115 00:15:33.580 ⇒ 00:15:33.950 Zoran Selinger: Okay.
116 00:15:33.950 ⇒ 00:15:35.929 Amber Lin: You can do this better, of…
117 00:15:36.030 ⇒ 00:15:54.970 Amber Lin: we can do, like, a website audit for them, and then, like, these are more technical things that I don’t… like, most clients are not doing. I don’t know if we are doing that, but I think we’re certainly better posed to understand these things, because we do have an AI team.
118 00:15:55.120 ⇒ 00:16:01.019 Amber Lin: so that’s, like, this is the list of how you influence
119 00:16:02.010 ⇒ 00:16:09.820 Amber Lin: agents for clients. So, we can reference… we can reference this to say, hey, we… we’ve done this ourselves, or we can…
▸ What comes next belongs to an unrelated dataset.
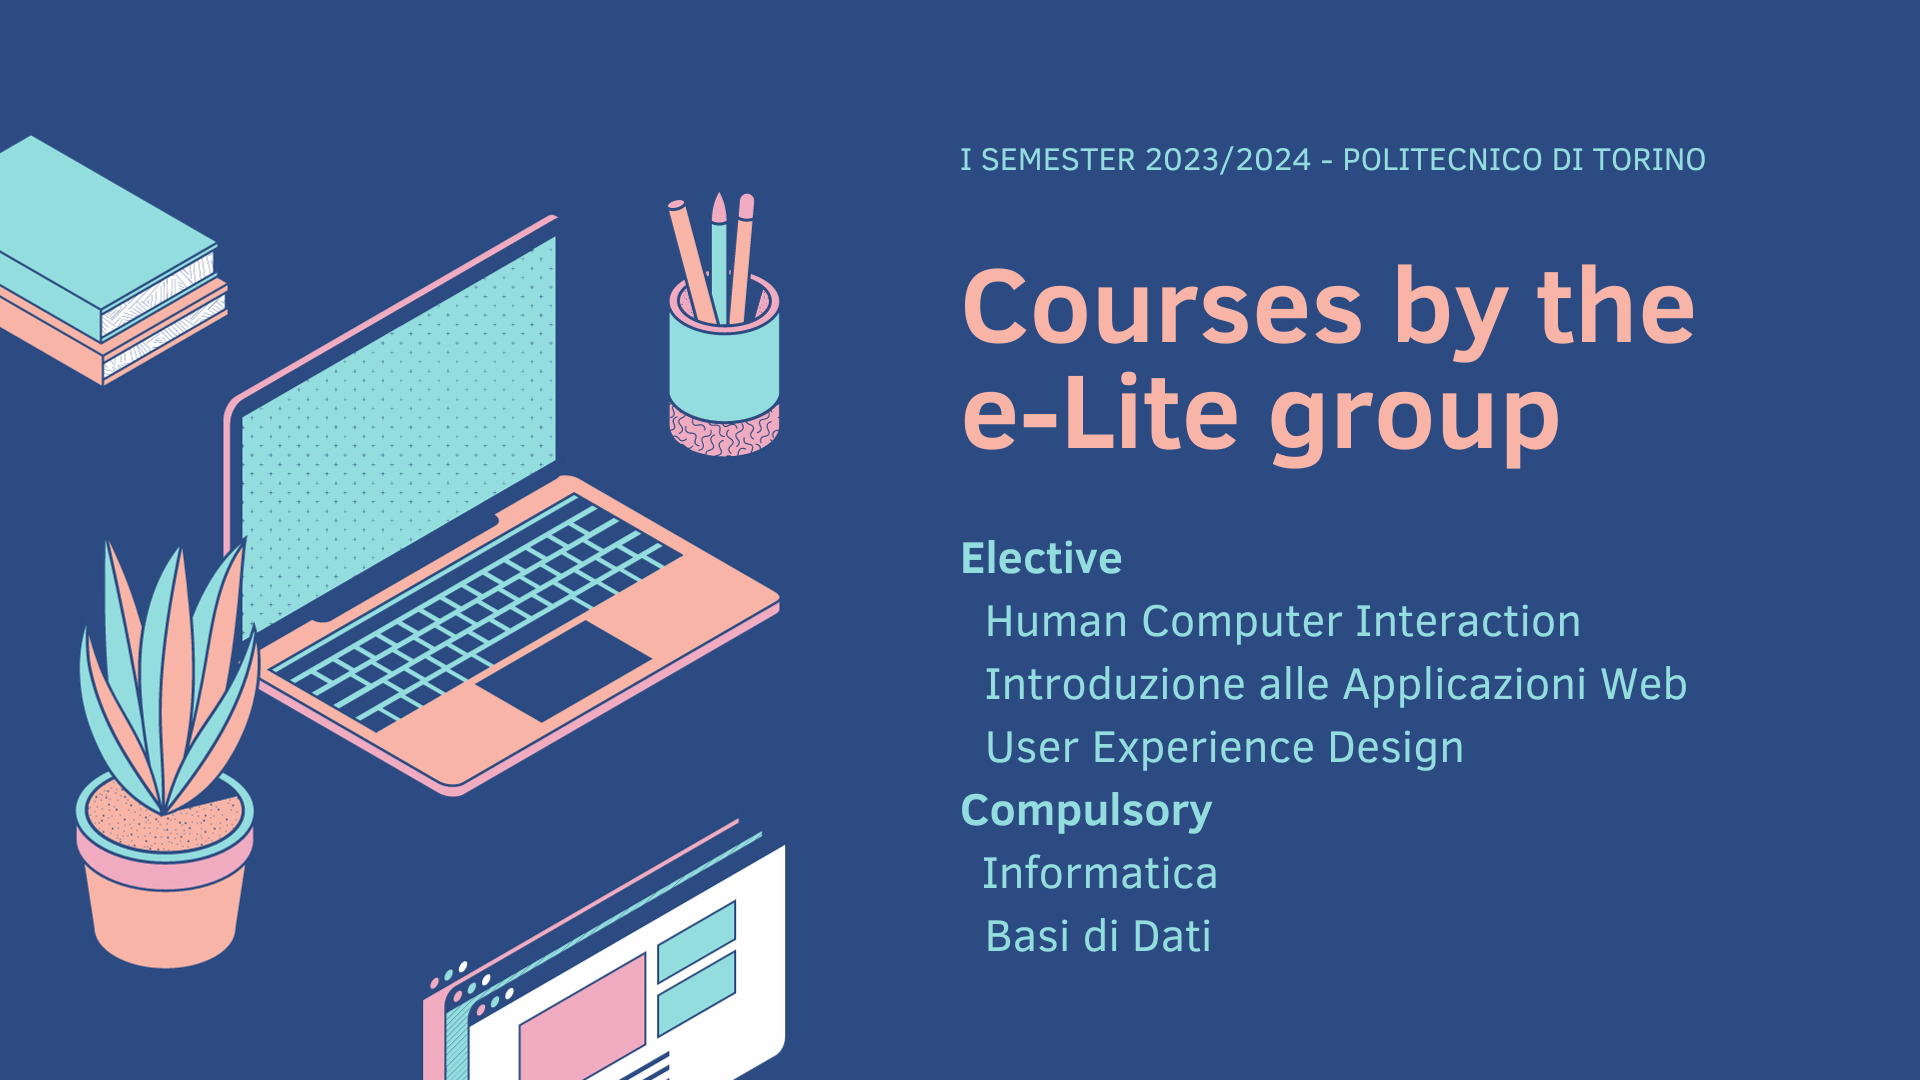 e-Lite courses in the first semester: introduction to web application, user experience design, human computer interaction, database, computer science

120 00:16:09.980 ⇒ 00:16:11.540 Amber Lin: Could help clients do that.
121 00:16:11.540 ⇒ 00:16:20.340 Zoran Selinger: Interesting, yeah. I wonder what… what… what Robert thinks, and you tell what… what they think about… Yeah. …that. Okay.
122 00:16:20.340 ⇒ 00:16:25.730 Amber Lin: Yeah. I really think Utah should be part of this conversation, because he does so much of our…
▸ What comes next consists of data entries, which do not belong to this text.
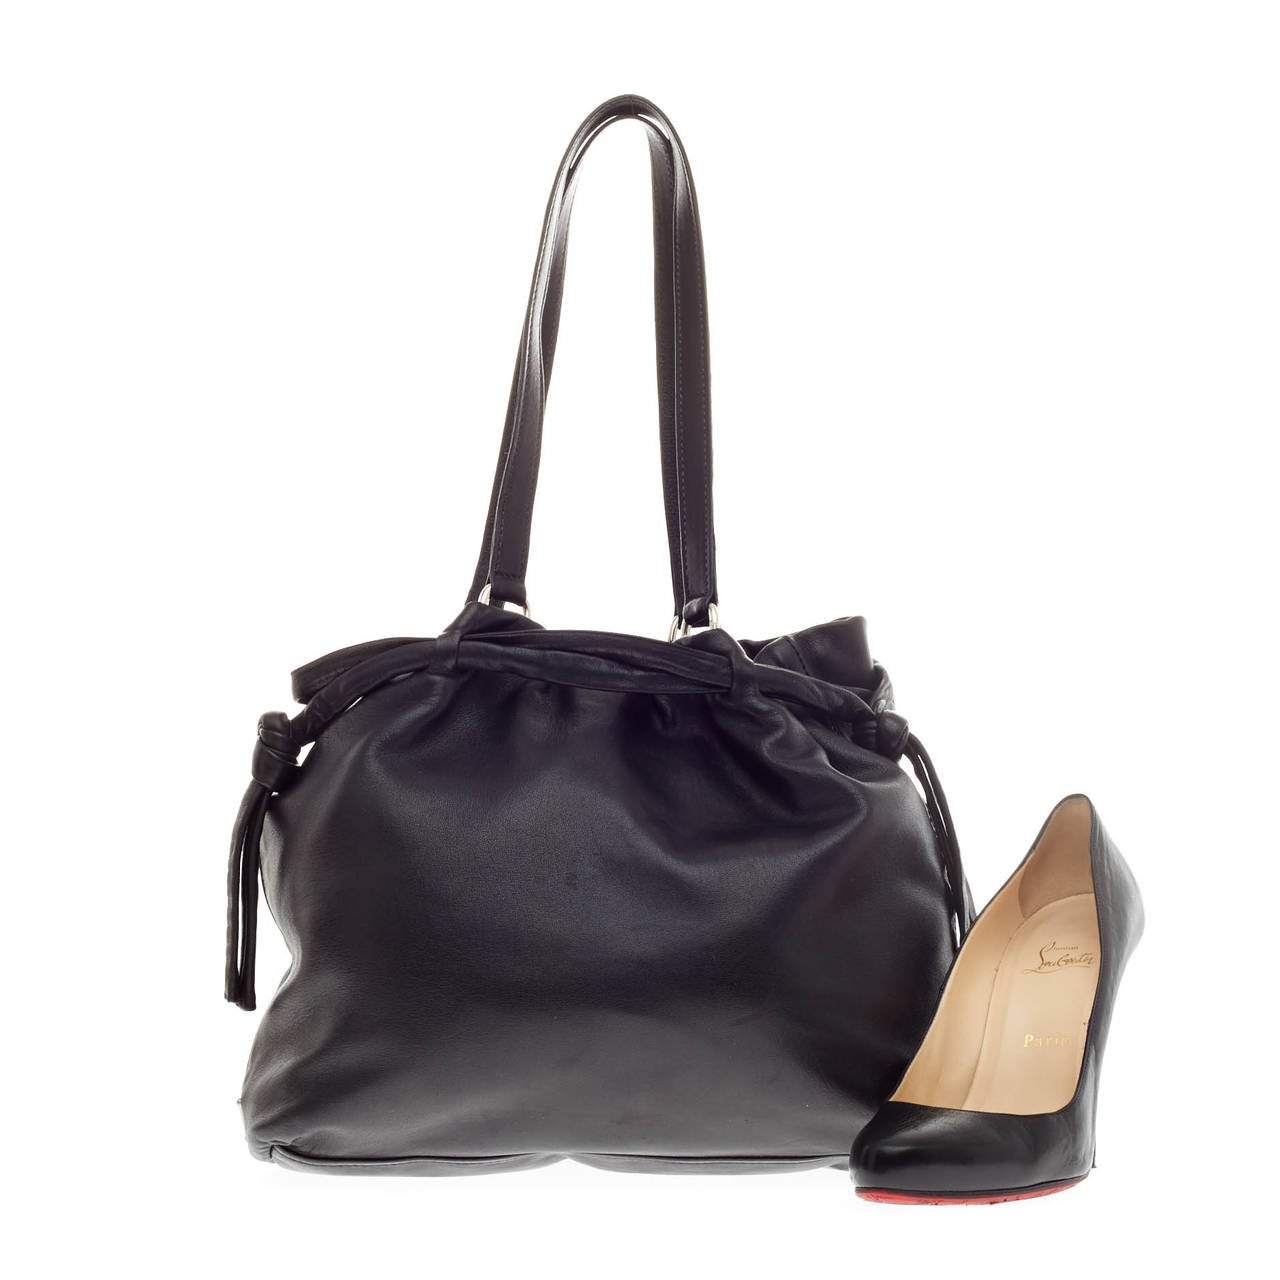 This authentic Prada Tie Side Top Tote Leather is a perfect companion for daily excursions. Crafted in soft black leather, this no-fuss tote bag features tall dual shoulder straps, tie side top detailing, side Prada triangle logo and silver-tone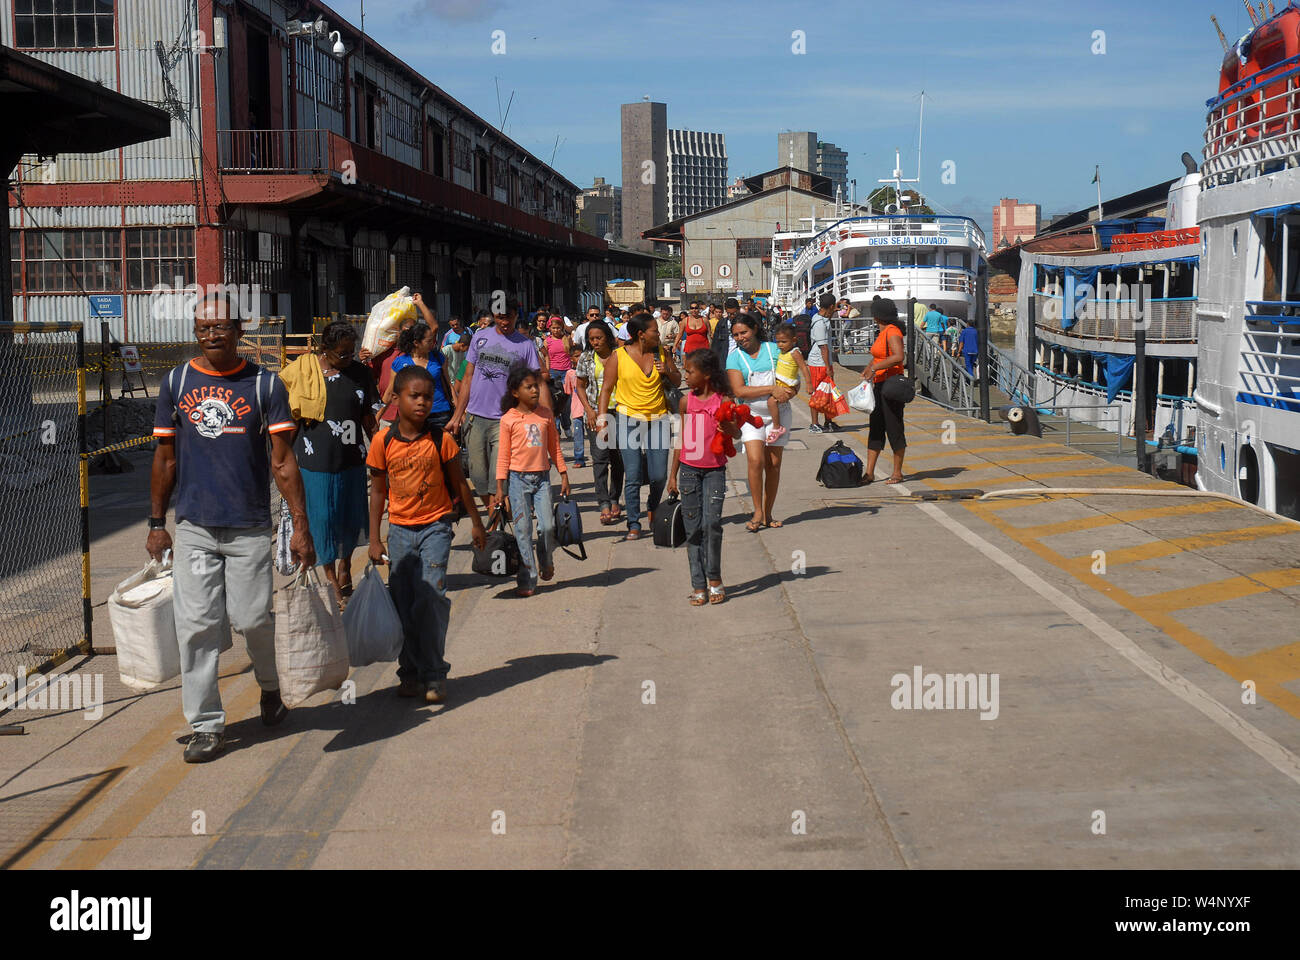 Belém, Brazil, October 16, 2006. People disembarking from regional boats in the port of Belem in the state of Pará. Stock Photo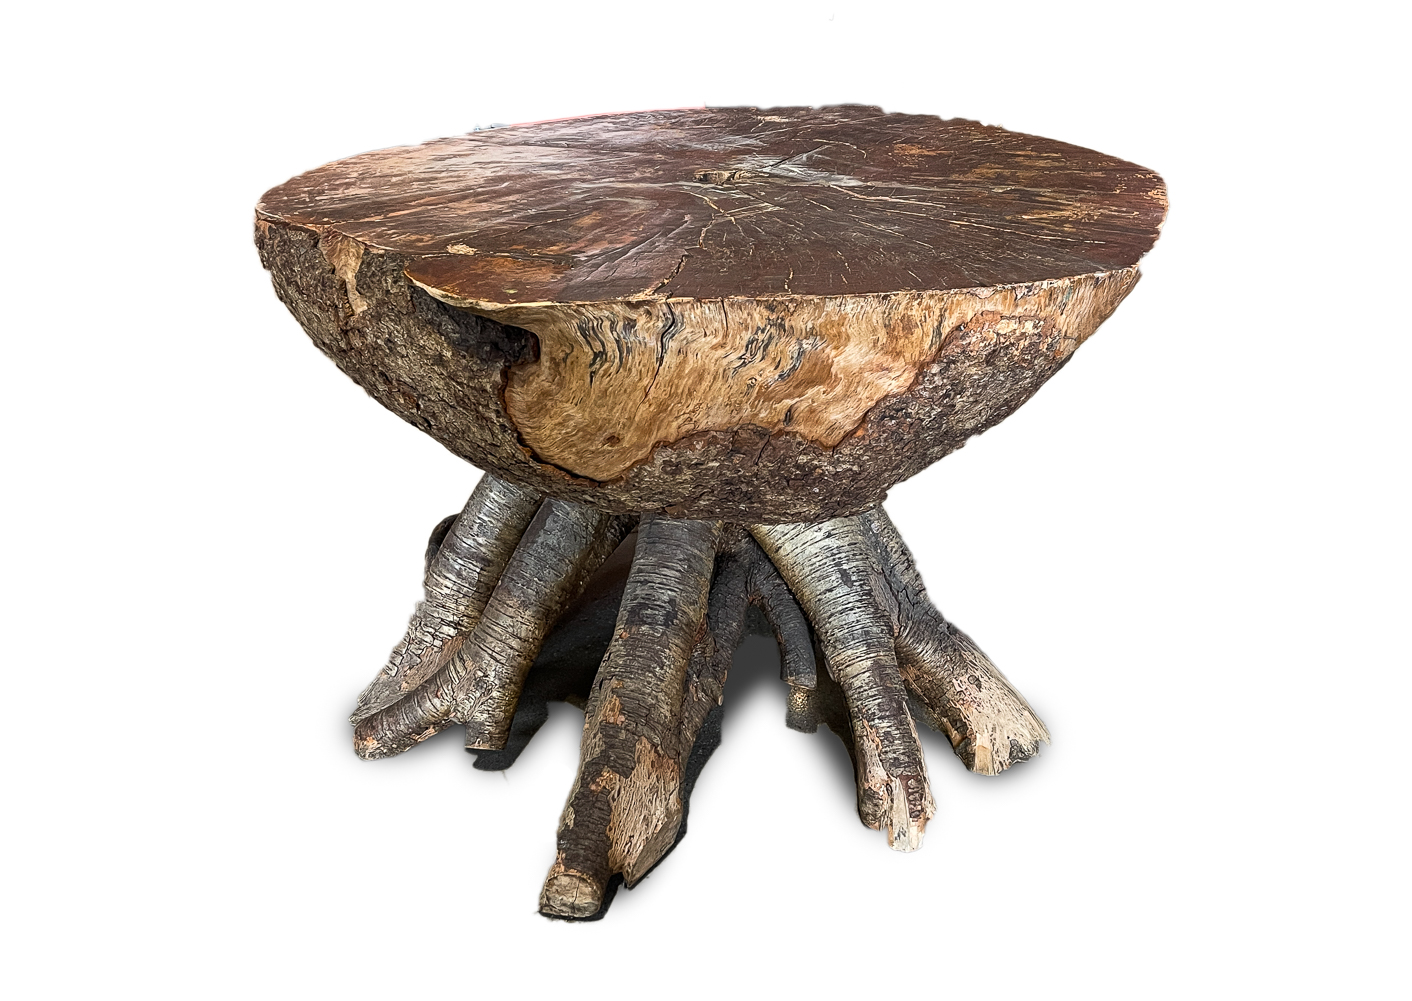 BURL AND ROOT TABLE FROM GREAT 2dfccd

123 00:16:26.070 ⇒ 00:16:39.370 Amber Lin: of our AI team stuff, and this report is so surprisingly about AI. Yeah. Why don’t we propose that in our chat? I think it’s way too early for Robert, because this is the day after New Year’s Eve.
124 00:16:39.530 ⇒ 00:16:45.440 Zoran Selinger: Yeah, let’s just tell him he… we discussed it a little bit, maybe? He can watch the…
125 00:16:45.830 ⇒ 00:16:46.200 Zoran Selinger: Thank you.
126 00:16:46.200 ⇒ 00:16:47.600 Amber Lin: Utam should be…
127 00:16:47.740 ⇒ 00:16:52.820 Zoran Selinger: Yeah, and we rescheduled with Utam, sure. Israel.
128 00:16:53.150 ⇒ 00:17:03.710 Zoran Selinger: Cool, okay. I mean, I think that’s a good… I think I agree with you that, probably, since this is so AI-heavy, we should… we should have him in the conversation.
129 00:17:04.490 ⇒ 00:17:06.819 Amber Lin: Okay, I’ll send it in our little chat.
130 00:17:06.819 ⇒ 00:17:10.689 Zoran Selinger: Yeah, thanks for talking. Yeah, thank you, thank you. Have a good one.
131 00:17:10.690 ⇒ 00:17:11.960 Amber Lin: Talk soon. Bye-bye. Bye.